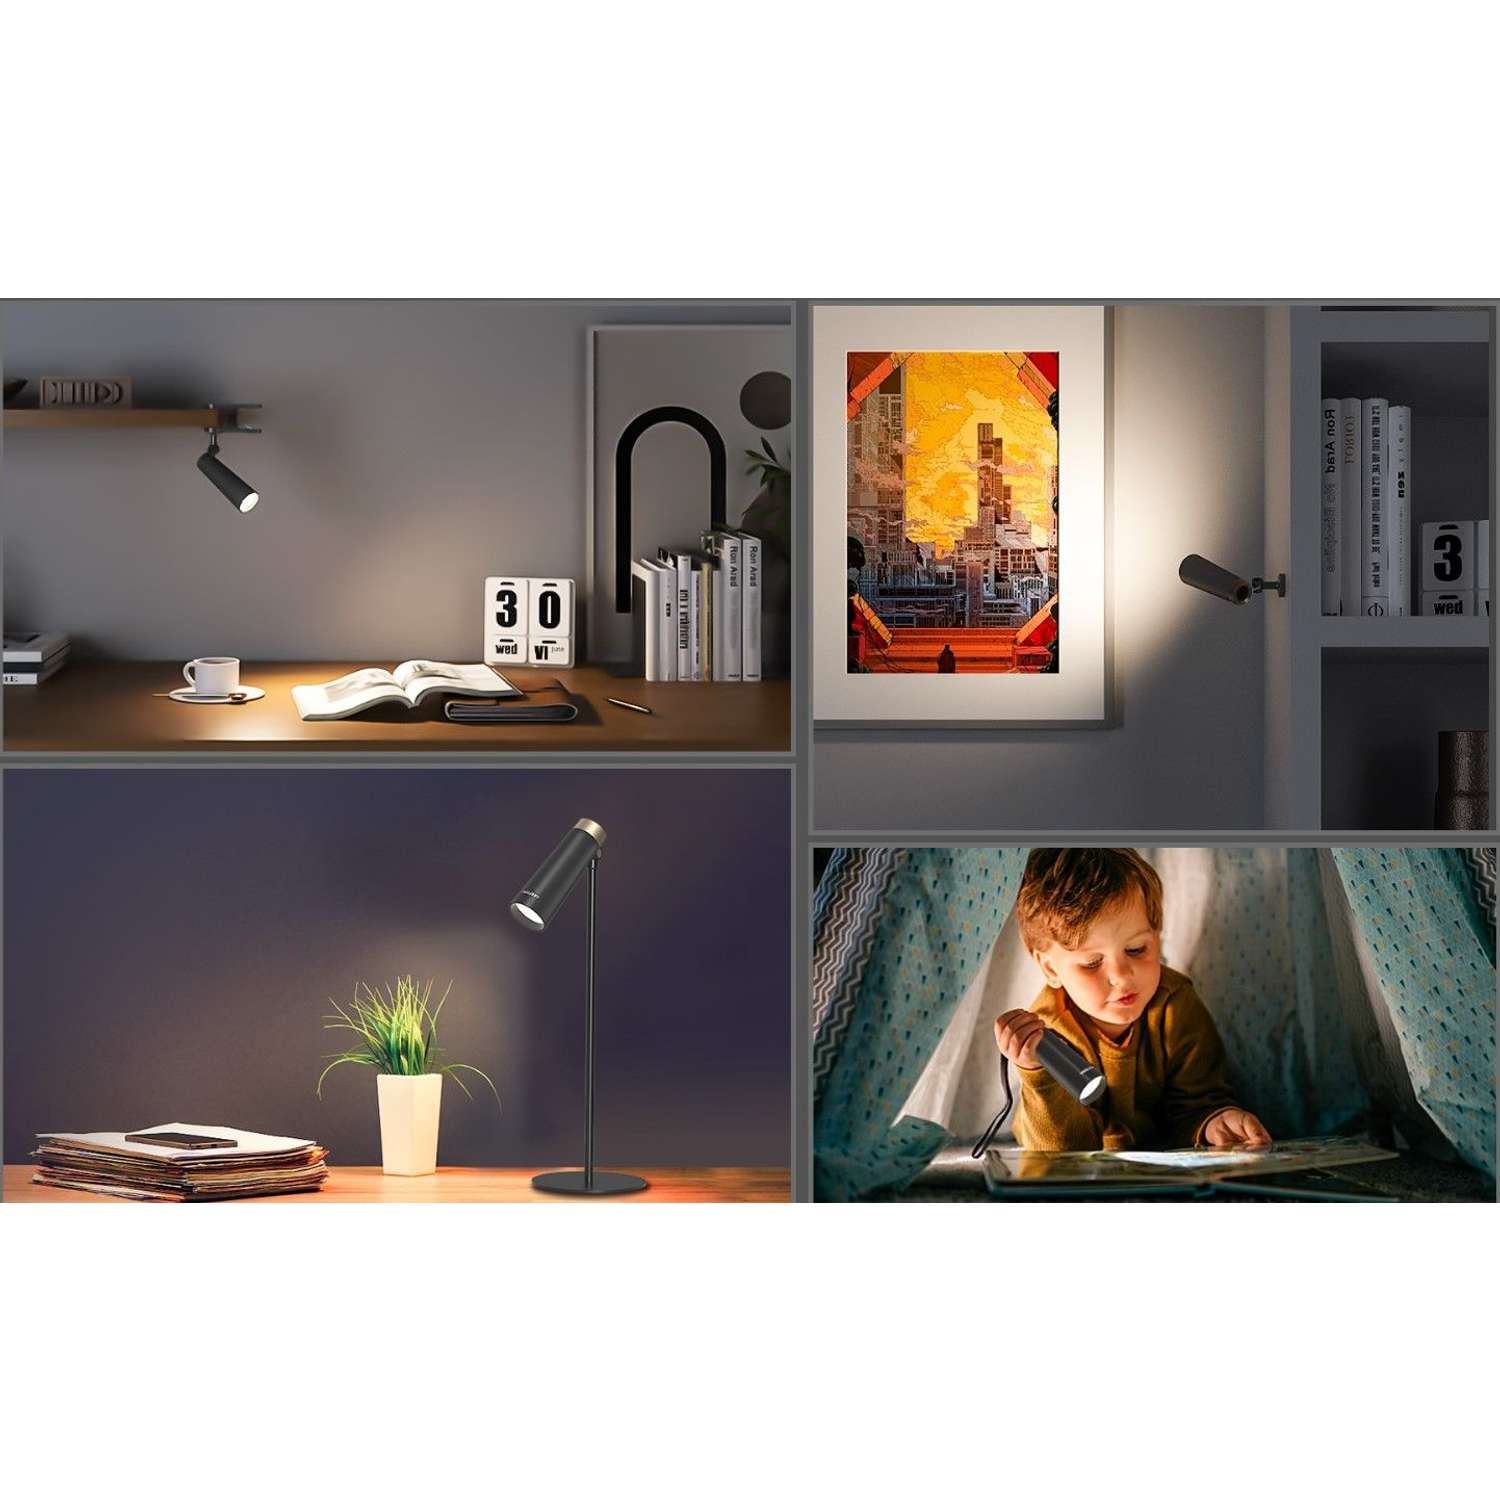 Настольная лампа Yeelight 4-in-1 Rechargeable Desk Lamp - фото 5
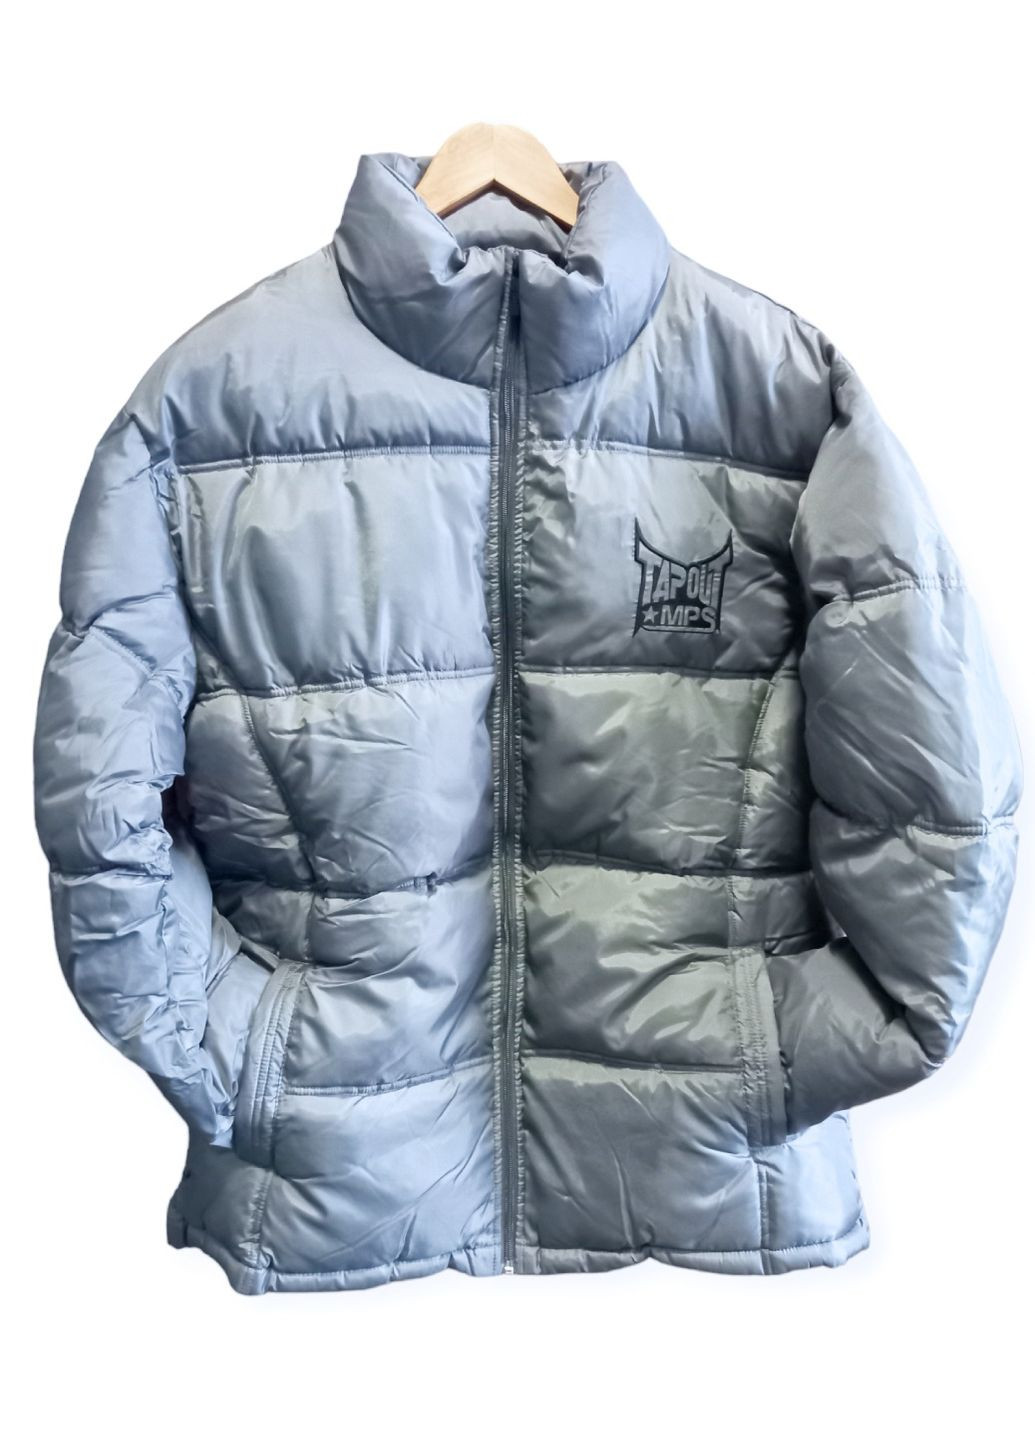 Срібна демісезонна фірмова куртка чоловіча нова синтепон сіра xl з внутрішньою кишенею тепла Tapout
--- --- ---
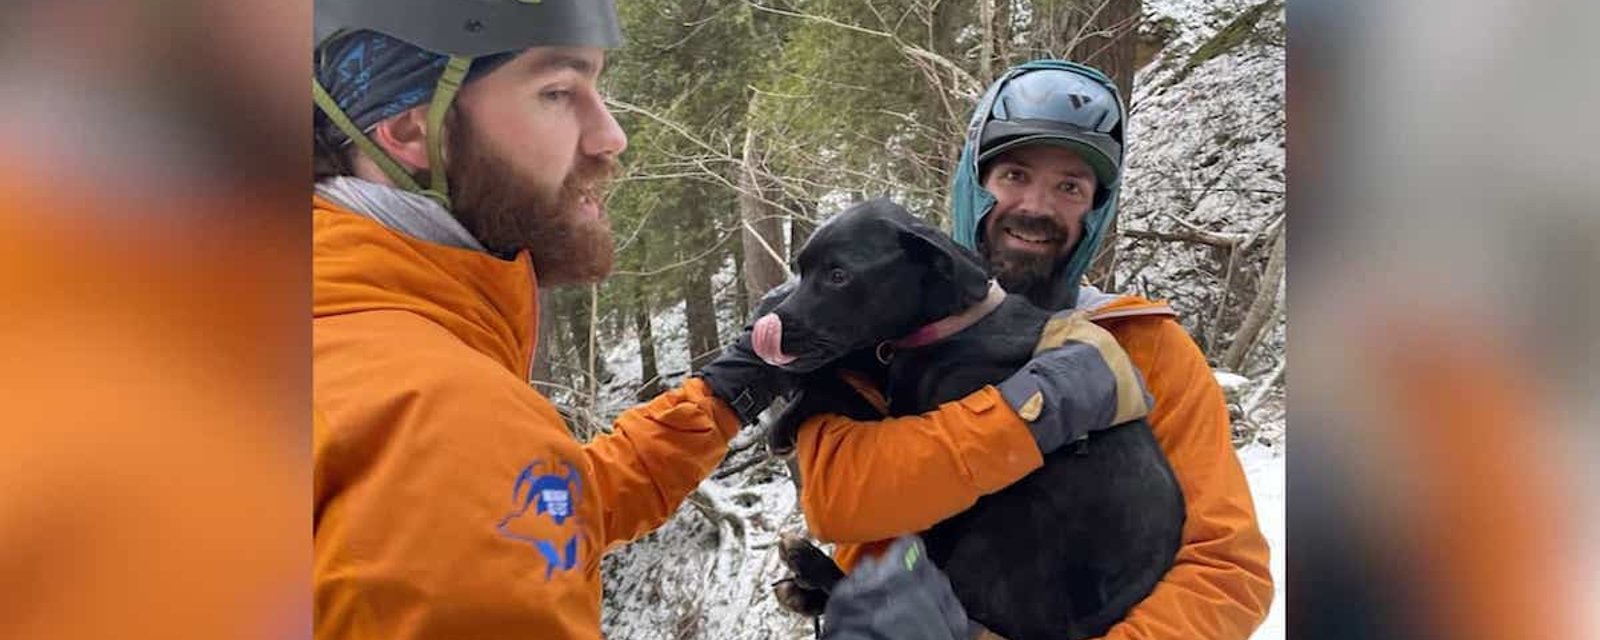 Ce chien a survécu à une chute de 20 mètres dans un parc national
--- --- ---
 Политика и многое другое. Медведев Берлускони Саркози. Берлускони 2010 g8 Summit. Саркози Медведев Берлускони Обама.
--- --- ---
**PROBLEM:**
Repeat only the stretch of data above that runs from the line with "Настольная лампа Yeelight" to the line with "Срібна демісезонна фірмова". Keep both end lines; exclude pictures.

**PROBLEM SOLUTION:**
 Настольная лампа Yeelight 4-in-1 Rechargeable Desk Lamp - фото 5
 Срібна демісезонна фірмова куртка чоловіча нова синтепон сіра xl з внутрішньою кишенею тепла Tapout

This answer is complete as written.